Note that each dictionary records 

- the text in pre-tokenized format,
- annotations and labels at the _token_ level (a dictionary of lists, one per annotator),

In particular, 

- Annotations are in the field `"annotations"` and map annotator IDs to their token-level annotations.
- **Labels** are in the field `"labels"`, and `"BSCModel"` records the Bayesian Sequence Combination (BSC) model-based aggregate labels.


In [None]:
def parse_record(d):
    return {'id': d['id'], 'tokens': d['tokens'], 'labels': d['labels']['BSCModel']}

data = read_jsonl(args.data_file)

data = [parse_record(d) for d in data]

In [None]:
doc = data[5]
for t, l in zip(doc['tokens'], doc['labels']):
    print(f"{t} ==> {l}")

In [None]:
# show available label IDs
set(l for d in data for l in d['labels'])
# NOTE: implies 5 types (0 reserved for outside token and otherwise 2 IDs (B and I) per group type)

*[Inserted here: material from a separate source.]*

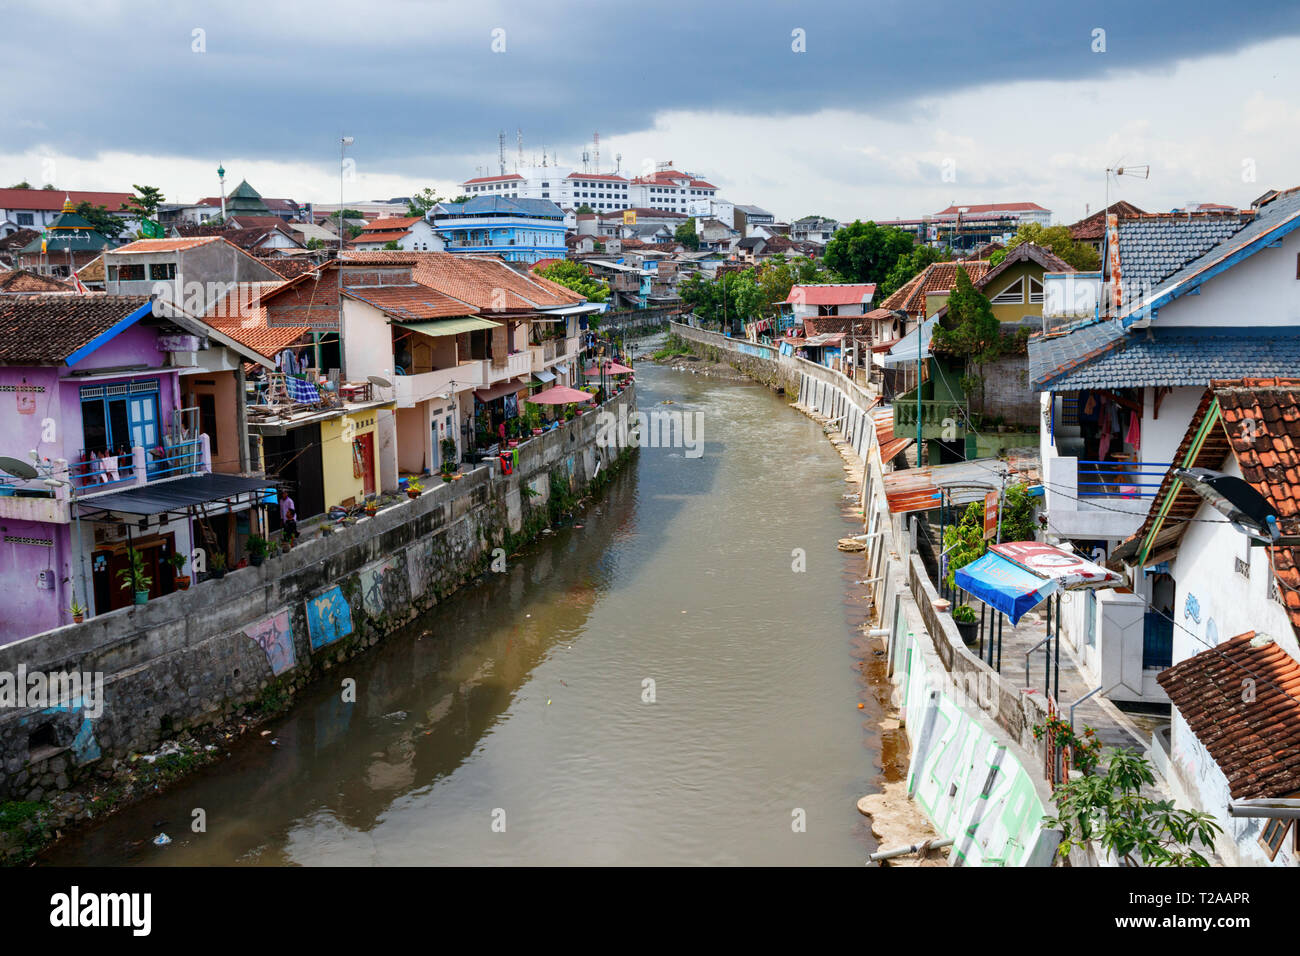 View from the Jalan Mas Soeharto over a poor neighbourhood and the Kali Code, a small river flowing through Yogyakarta, Java, Indonesia. Stock Photo

The records in `"labels"` are numeric label IDs that map onto our **group types**:

- social group
- political group
- political institution
- organization, public institution, or collective actor
- implicit social group reference

Here is how to convert them to text labels:

In [None]:
# get list of entity types
types = [
  "social group",
  "political group",
  "political institution",
  "organization, public institution, or collective actor",
  "implicit social group reference",
]
# convert to IOB2 scheme
scheme = ['O'] + ['I-'+t for t in types] + ['B-'+t for t in types]
# map label type indicators to label IDs
label2id = {l: i for i, l in enumerate(scheme)}
# and vice versa
id2label = {i: l for i, l in enumerate(scheme)}
NUM_LABELS = len(label2id)

label2id
# NOTE: the span-level annotations will be converted to token-level annotations using the IOB2 scheme.append
#       This means that 
#        - a word that are not part of any entity will be labeled as "O",
#        - a word at the beginning of a span will be labeled as "B-<entity_type>", and 
#        - a word inside a span will be labeled as "I-<entity_type>"

### Split the data

In [None]:
from typing import Optional, Union
from sklearn.model_selection import train_test_split
def split_data(
        data: List[Dict],
        test_size: Union[None, float, int]=0.2,
        dev_size: Union[None, float, int]=0.2,
        stratify_by: Optional[Union[str, List[str]]]=None,
        seed: int=42,
        return_dict: bool=False
    ):
    """Split a cropus into training, development, and test sets.

    Args:

    df: List[Dict]
        The corpus to split. Must be a list of dictionaries.
    dev_size: float
        The proportion of the data to include in the development set.
    test_size: float
        The proportion of the data to include in the test set.
    stratify_by: str or list of str, optional
        Metadata field(s) to use for stratified splitting. If a single field is 
        provided, the data will be stratified by the values in that field in the metadata. 
        If multiple columns are provided, the data will be stratified by 
        the unique combinations of values of these fields in the metadata.
    seed: int
        Random seed for reproducibility.
    return_dict: bool
        Whether to return the splits as a dictionary.
    """
    n = len(data)
    
    if stratify_by:
        assert all('metadata' in doc for doc in data), "Stratification requires 'metadata' field in each document's dictionary"
        if isinstance(stratify_by, str):
            stratify_by = [stratify_by]
        for field in stratify_by:
            assert all(field in doc['metadata'] for doc in data), f"Field '{field}' not found in 'metadata' of all documents"
        # create a grouping indicator based on the stratification columns
        strata = ['__'.join([str(doc['metadata'][field]) for field in stratify_by]) for doc in data]
    else:
        strata = None
        
    idxs = list(range(n))
    tmp, test_idxs = train_test_split(idxs, test_size=test_size, random_state=seed, stratify=strata)# if test_size > 0 else (idxs, [])
    strata = [strata[i] for i in test_idxs] if stratify_by else None
    train_idxs, dev_idxs = train_test_split(tmp, test_size=dev_size, random_state=seed, stratify=strata)# if dev_size > 0 else (idxs, [])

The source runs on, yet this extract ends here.